*Supplied information*:
***

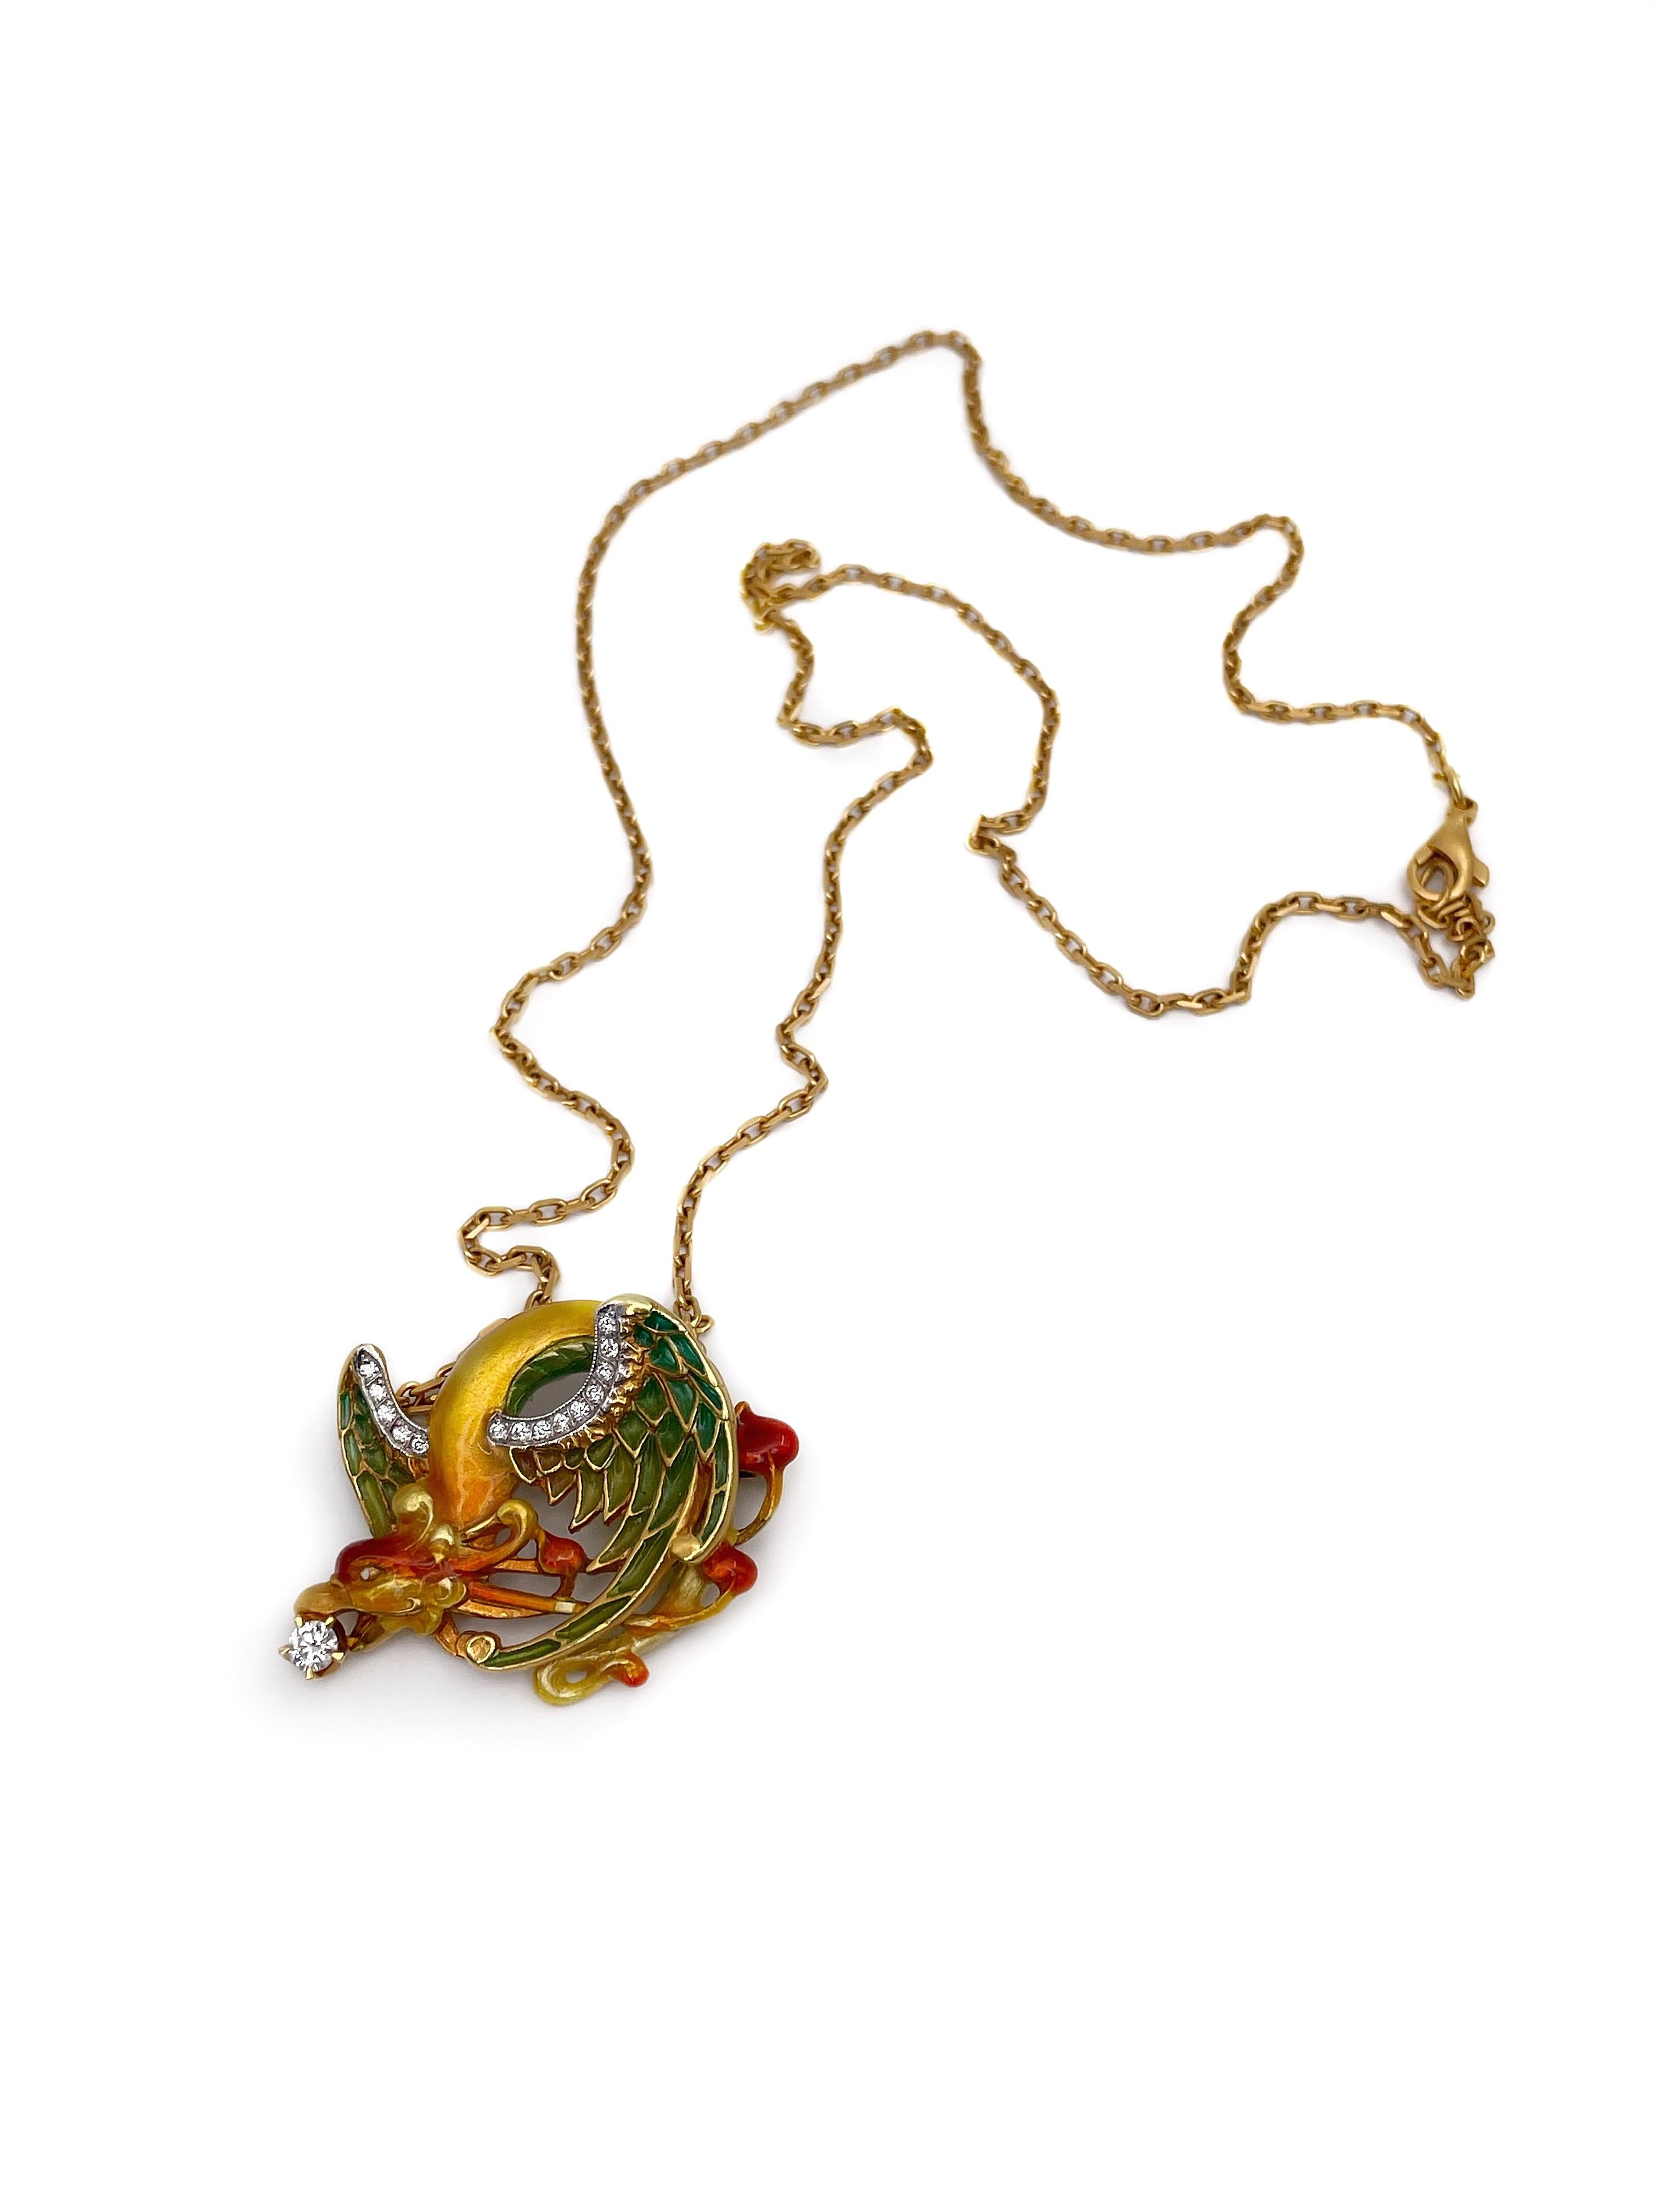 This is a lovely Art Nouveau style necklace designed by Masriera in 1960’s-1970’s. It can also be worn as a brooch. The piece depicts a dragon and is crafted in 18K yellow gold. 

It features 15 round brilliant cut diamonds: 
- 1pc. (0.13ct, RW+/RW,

***

Without any of its images, the data above should be returned exactly.

 This is a lovely Art Nouveau style necklace designed by Masriera in 1960’s-1970’s. It can also be worn as a brooch. The piece depicts a dragon and is crafted in 18K yellow gold. 

It features 15 round brilliant cut diamonds: 
- 1pc. (0.13ct, RW+/RW,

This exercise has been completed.